Карлик сидел на резном стуле на расстоянии вытянутой руки от софы и болтал ножками. К смуглым прелестям Аши он был поразительно равнодушен, как и ко всем женщинам в целом. Даже обе вертихвостки не сумели добиться ничего, как ни пытались. Иногда Манфред поддавался всеобщей глупости и тоже начинал подумывать, что Максимилиан выбрался из какой-нибудь пещеры горного короля. Сам карлик ничего о себе никогда не рассказывал. Как и Аша, был нем, но не от рождения, а потому, что кто-то отрезал ему язык. Возможно, даже сам. Впрочем, для Манфреда это было дополнительным положительным качеством. К тому же у Максимилиана имелись куда как более ценные таланты — навык скоростного письма, а главное — феноменальная память, которой Манфред доверял то, что не доверил бы себе или бумаге.

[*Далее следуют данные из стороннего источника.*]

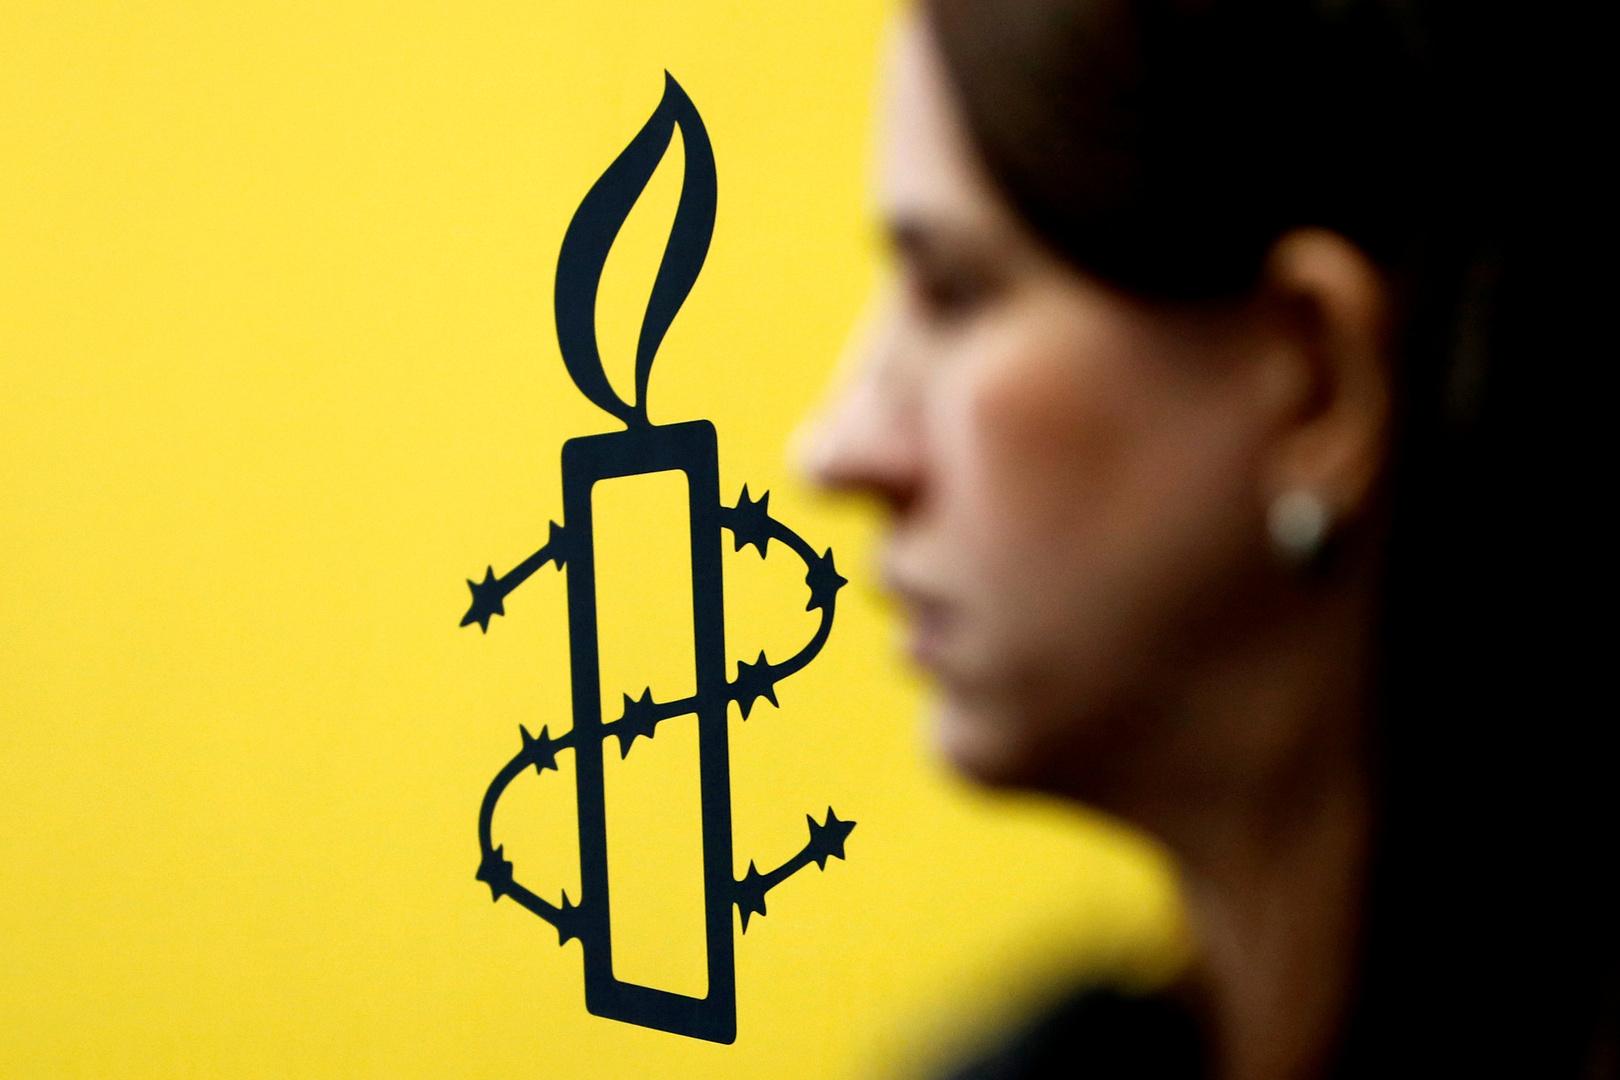 العفو الدولية: القمع الشديد للمسلمين في شينجيانغ يبلغ حد الجرائم ضد الإنسانية
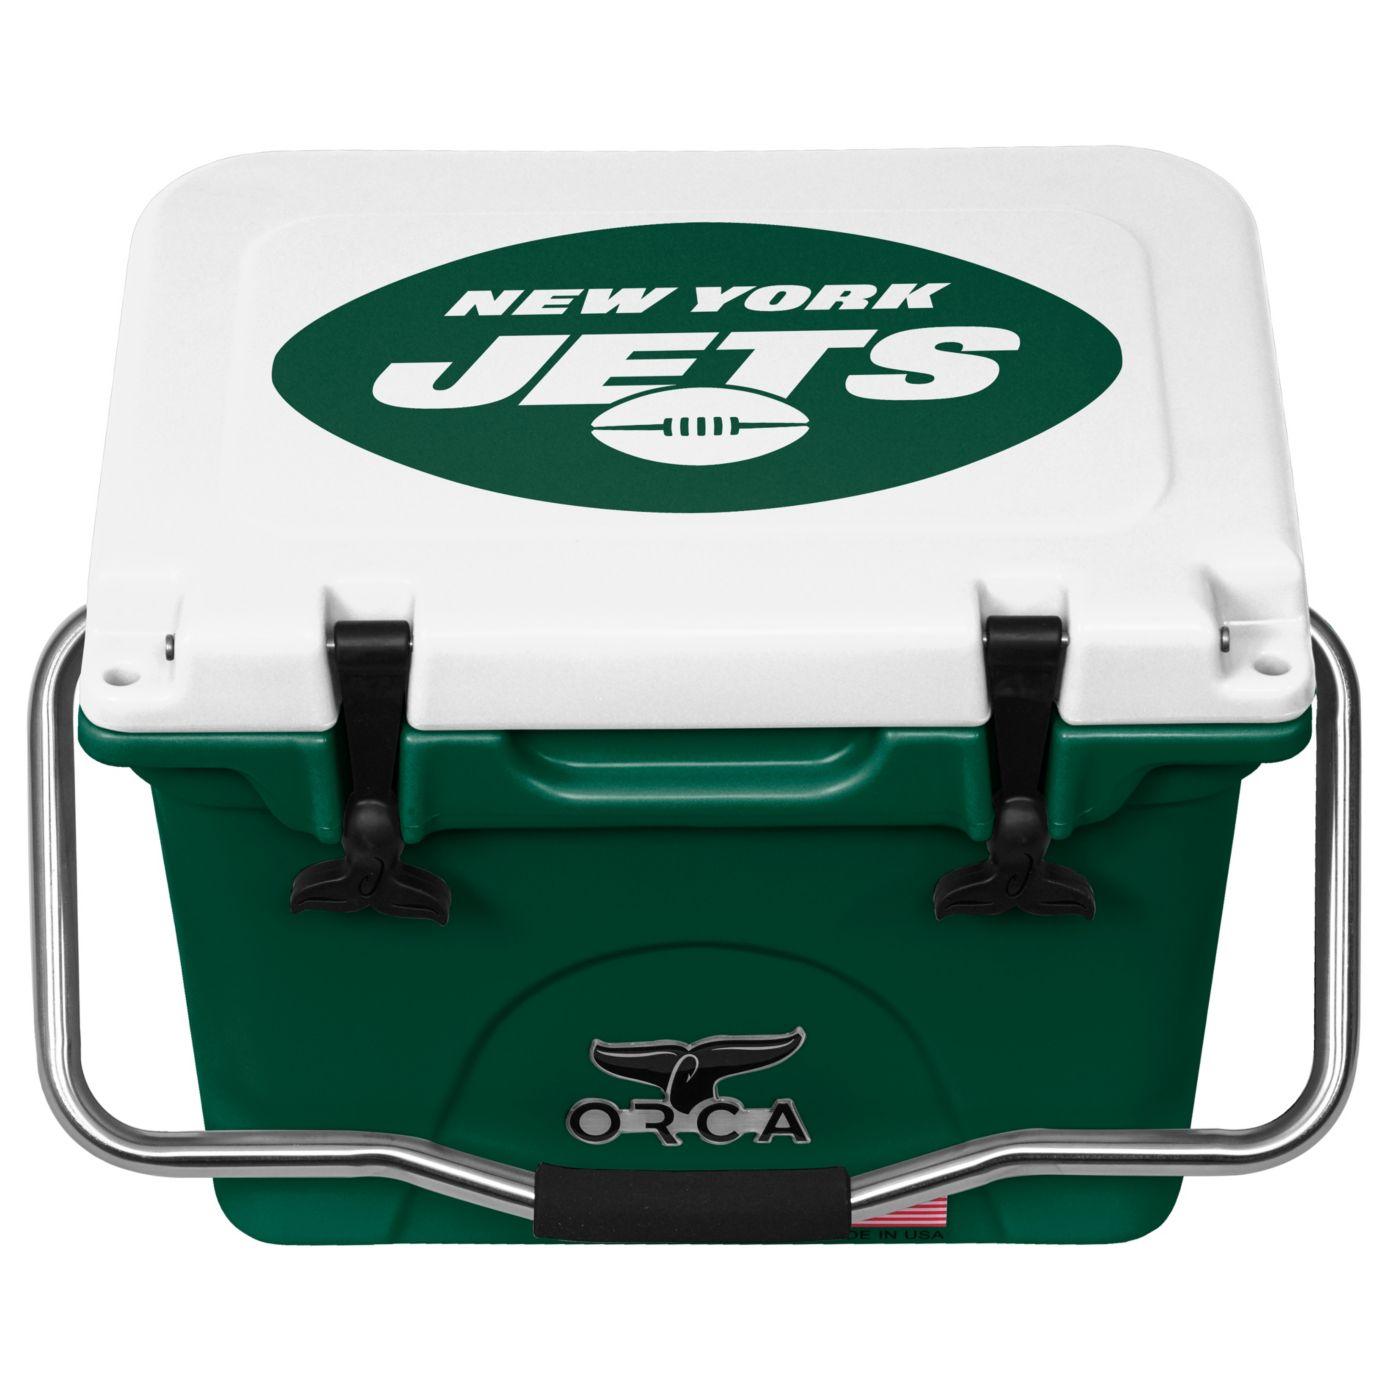 ORCA New York Jets 20qt. Cooler

Максимилиан протянул чародею исписанный блокнот. Манфред лениво полистал несколько последних страниц, отбиваясь от Аши, которая пыталась скормить ему огромную виноградину.
— Ну, — прожевав ягоду, подытожил он, — похоже, все. Я ведь ничего не забыл? Никого не упустил?
Максимилиан быстро стер рукавом мантии небольшую доску, к помощи которой прибегал, когда простого ворчания и кивков ему уже не хватало. Быстро написал что-то мелом и развернул к чародею.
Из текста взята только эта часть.